Their relationships are as follows:
1. A Publisher is a Company
2. A Manufacturer is a Company
3. A Distributor is a Company
6. A Company can be just a distributor
4. A Company can be just a publisher or a publisher and distributor at the
same time
5. A Company can be just a manufacturer or a manufacturer and distributor at
the same time
7. A Company can be a publisher, manufacturer and distributor all at the
same time

A Publisher and a Manufacturer are very similar in that they both create a
product; however, I think of the two roles differently and would prefer to
maintain them as different entity types. I would like to see code like
Publisher.Product when I'm dealing with printed material and
Manufacturer.Product when I'm dealing with non-printed material.
On the other hand, given a Product I would like to be able to return its
creator, which could be either a manufacturer or a publisher, depending on
the kind of product.

Any insights or recommendations are greatly appreciated.

-- Hans
 
D

Dave Sexton

Hi Marc,

I assume that you're stuck on inheritance chains?

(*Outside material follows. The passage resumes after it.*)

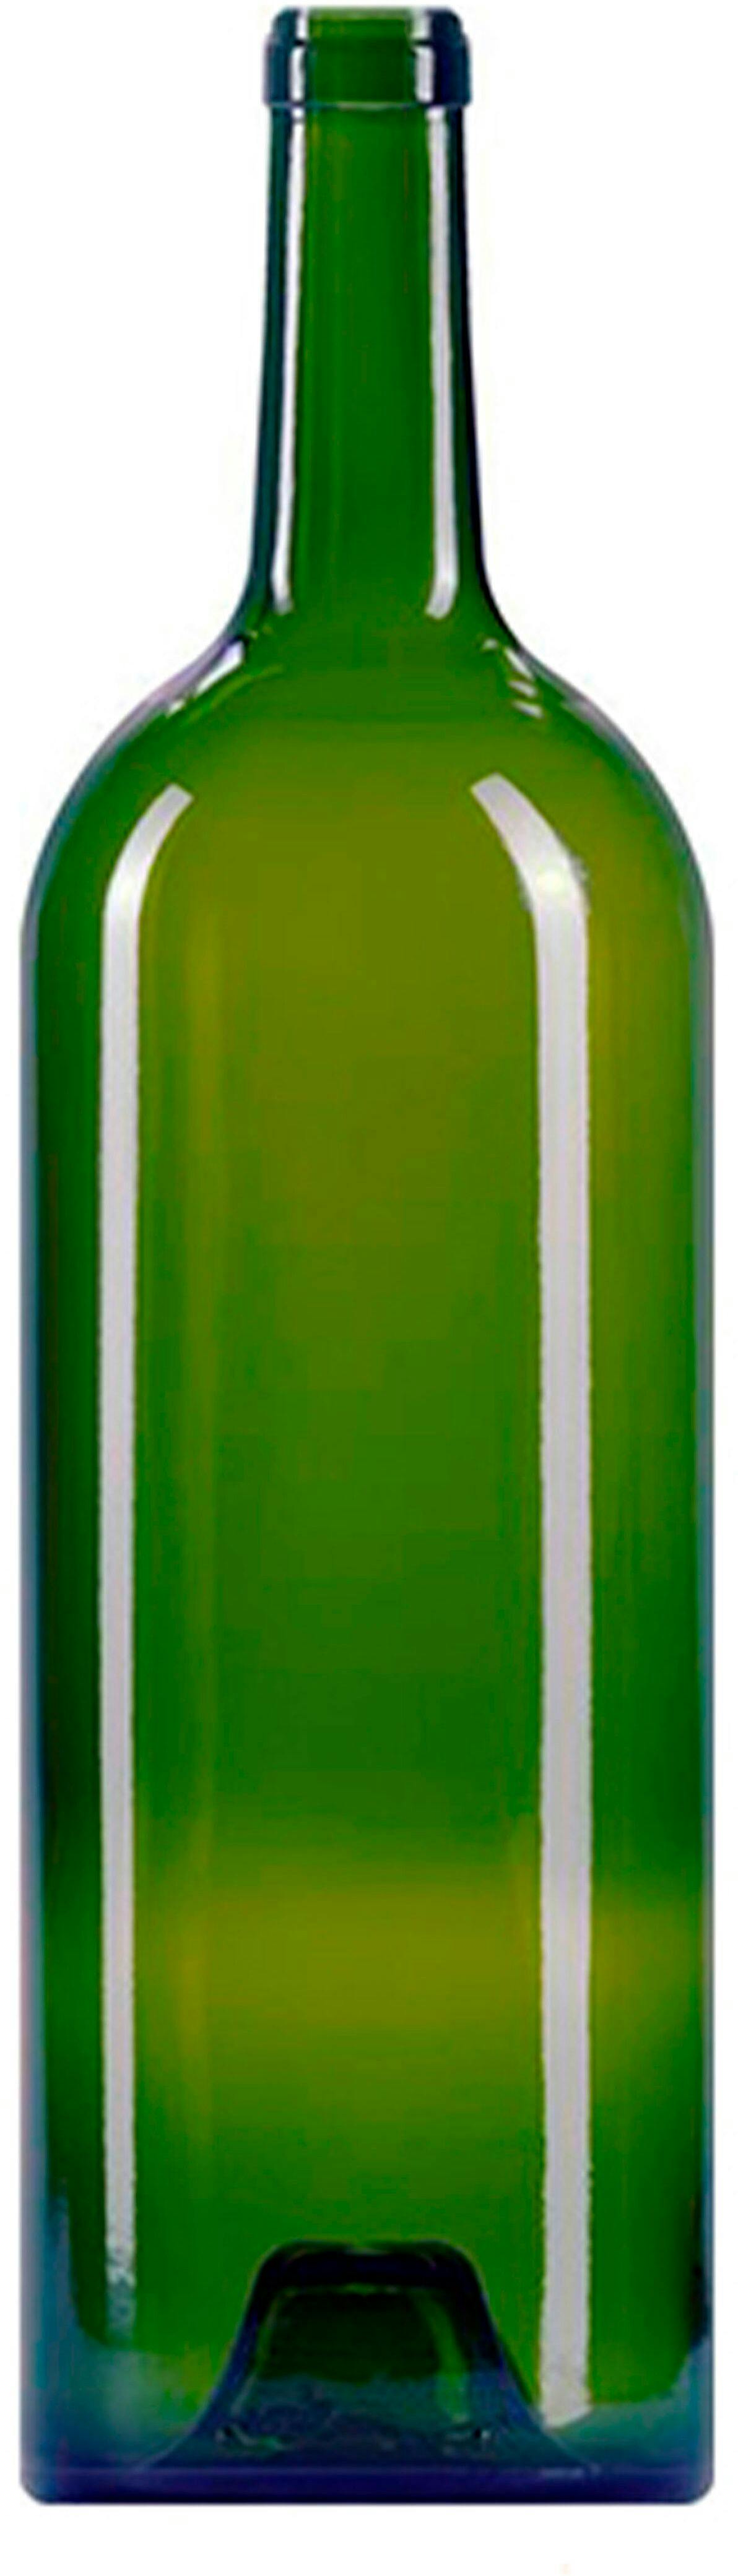 Bottiglia bordolese   GRAND VIN 1500 ml BG-Sughero

It's probably worth mentioning first that a question like this won't get you
suitable answers without stating requirements of the application such as
those pertaining to the data model and business rules. Just stating that
one class can also be another doesn't really make too much of a difference
since there are so many other variables to be considered when architecting a
solution.

Secondly, and due to a lack of appropriate information, it's difficult to
say whether or not any of these entities should even be entities in the
first place. Maybe Company should just be an attribute on a Product class,
for instance. The question is, how normalized is your data model and is
there a real need for distinct state or the capability to process business
rules in a Company class?

Assuming that you really need an entity for each of the types you have
mentioned, you could create an abstract base class named, "Company", from
which any class can derive. Then create interfaces such as, IPublisher,
IManufacturer and IDistributer. Any class that derives from Company
(inheriting all of the base functionality) can also implement any of the
interfaces as well. Therefore, you could have classes such as
PublisherDistributer and PublisherManufacturerDistributor, etc.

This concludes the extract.